綱吉は大きく伸びをして眠気飛ばしたようだった。
そうして俺をみるなり手を伸ばしてきて、俺はしっかりと抱きしめ返してやる。
もう時間なんか気にしたくない。
一度触れた温もりはなかなか離れたくなくなる。
綱吉の顎に手を添えて上向けると長いキスをした。
止まらず舌を忍び込ませれば甘く絡みついてきて、そのまま手をパジャマの中に淹れようとしたところで掌を抓られた。

「っ…いってぇな、何しやがる」
「いま盛ってどうするんだよ、時間ないのにっ」
「…無視だ」
「無理だろ」
「俺は行きたくない」
「リボーン、我儘言わないでよ」

俺だって、このままでいてほしいんだからとすり寄る綱吉をますますぎゅっと抱きしめるとほっと息をついた。

「やっとリボーンに触れた…」
「すまん」
「いいんだよ、テレビ最近立て続けだもんね。がんばってるから、ご褒美」

綱吉は手を伸ばしてちゅっとキスをした後にぺろりと唇を舐める。

「もう少しなんだろ?」
「そうだな、これが終わればアルバムの方にとりかかれる」
「ん、歌詞書いておいたから…歌ってね」
「ああ、当たり前だろ」

綱吉の言葉に嬉しくなって俺からもたくさんキスをした。
一週間触れられないことは何度もあった。
そのたびにこうして短い時間でも会いに来る。
それは、俺の欲求でもあったが…綱吉が無理をしていないかをみる理由付けでもあった。
歌うのが好きな癖に気を抜くとすぐ喉に負担のかかることばかりをするのだ。
俺はそっと綱吉の喉を撫でて、笑みを浮かべた。

「俺の唄聞きたい?」
「歌ってくれるのか?」
「帰ってきたら、ね」

人差し指を唇にちょんと触れさせてくる綱吉に堪らなくなる。
ますます強く抱きしめれば、綱吉は俺の腕時計をとんとんと叩いた。

「じ・か・ん」
「つな…」
「甘えてもだめ」
「つなよし…」
「ん…だめだってば、早く戻らないと」

甘い声で囁くも綱吉は頑なだった。
多分、自分がのまれては駄目だと思っているのだろう。
変なところで理性保ちやがって。

「リボーン、愛してるから」
「そんなんで絆されると思いやがって」
「思ってる、リボーン優しいもん」

ね?と首を傾げられて俺は頷くしかない。
最近俺は綱吉にいいように操られている気がする。
仕方なく離れれば玄関まで見送ってくれた。
その綱吉の腕にはしっかりとあのテディベアが抱かれているのをみて、今は預けるが俺が戻ってきたらゆるさねぇからなと視線だけを注いだ。
最後まで名残惜しくして離れれば、ますますじれったさが募った気がするのは気のせいだろうか。
車で戻ると遅いですと芹沢が急かす。

「余計焦れた…」
「まぁ、でしょうね。さて、あと一週間がんばっていきましょうっ」

芹沢の顔色も少し疲れが見えているのを見てしまえばこれ以上反抗もできなかった。
チッと舌打ちをして、ますます名残惜しくなった綱吉を思いはぁとため息をついたのだった。

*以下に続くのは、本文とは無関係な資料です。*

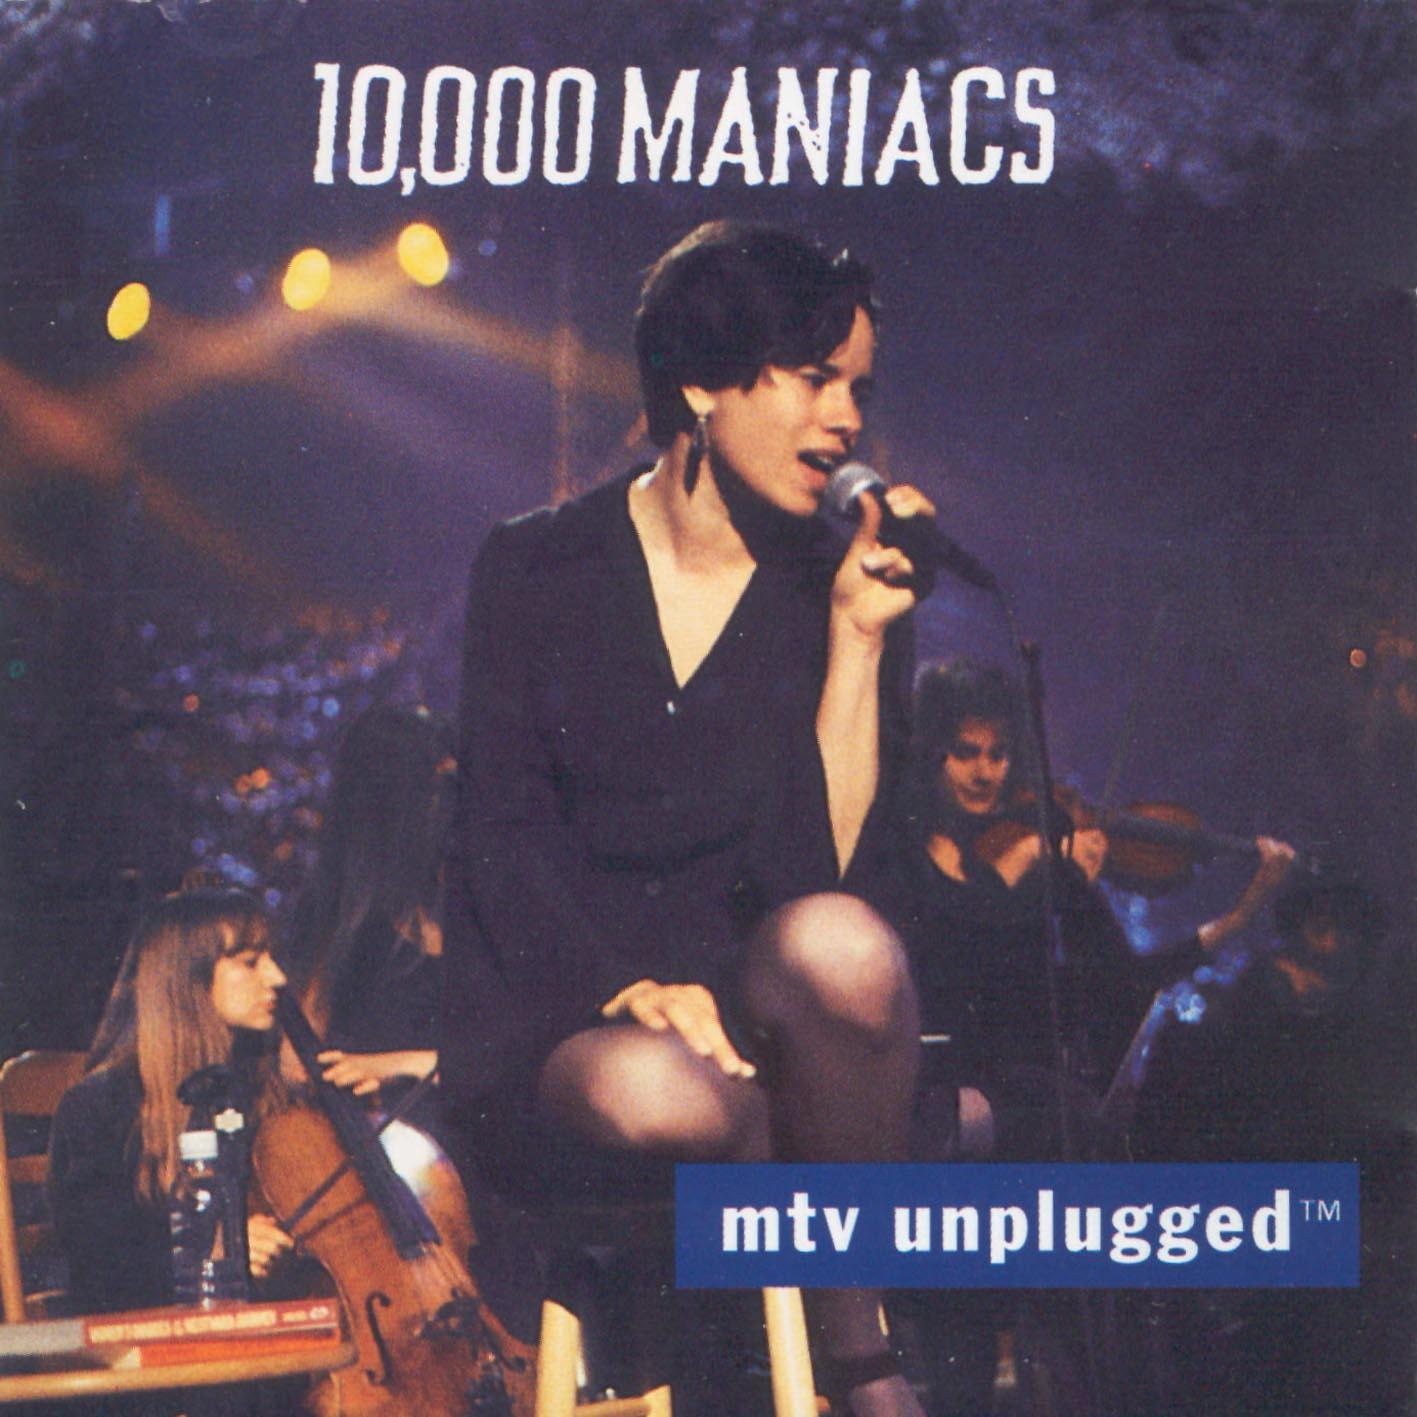 MTV Unplugged | similarsong

カーテンからマンションを後にするリボーンを眺めていた俺はベッドに戻った。
甘く響いた声がまだ耳に残っている。

「もう、毒だ」

あの声は俺にとって有毒にしかならない。
俺は腰砕けになったままベッドに横たわった。
抱きしめたテディベアを見つめる。
やっぱりリボーンに似ている気がする。

「君じゃ、だめなんだよ…本物じゃなきゃ」

日々募る想いが大きすぎて、早くまとまった休みをくれと思う。
ただただ、待ち焦がれる思いが俺の胸を焦がして…つい、その思いを歌にしてしまうのだ。
はやく、はやく…リボーンを俺にちょうだい。



END
ずきん様へ
三題噺、やらせてもらいました。
チョイスがまさかのアイドルパロです。
丁度いいかなと思いまして、書かせてもらいました。
中途半端さが否めないものですが、すみません力不足でした。
ずきん様からのみ、要望にお応えします。
書き直せというなら遠慮なくどうぞ。
いつもいつもありがとうございます。
今回のリクエスト斬新で面白かったです。
ありがとうございましたっ。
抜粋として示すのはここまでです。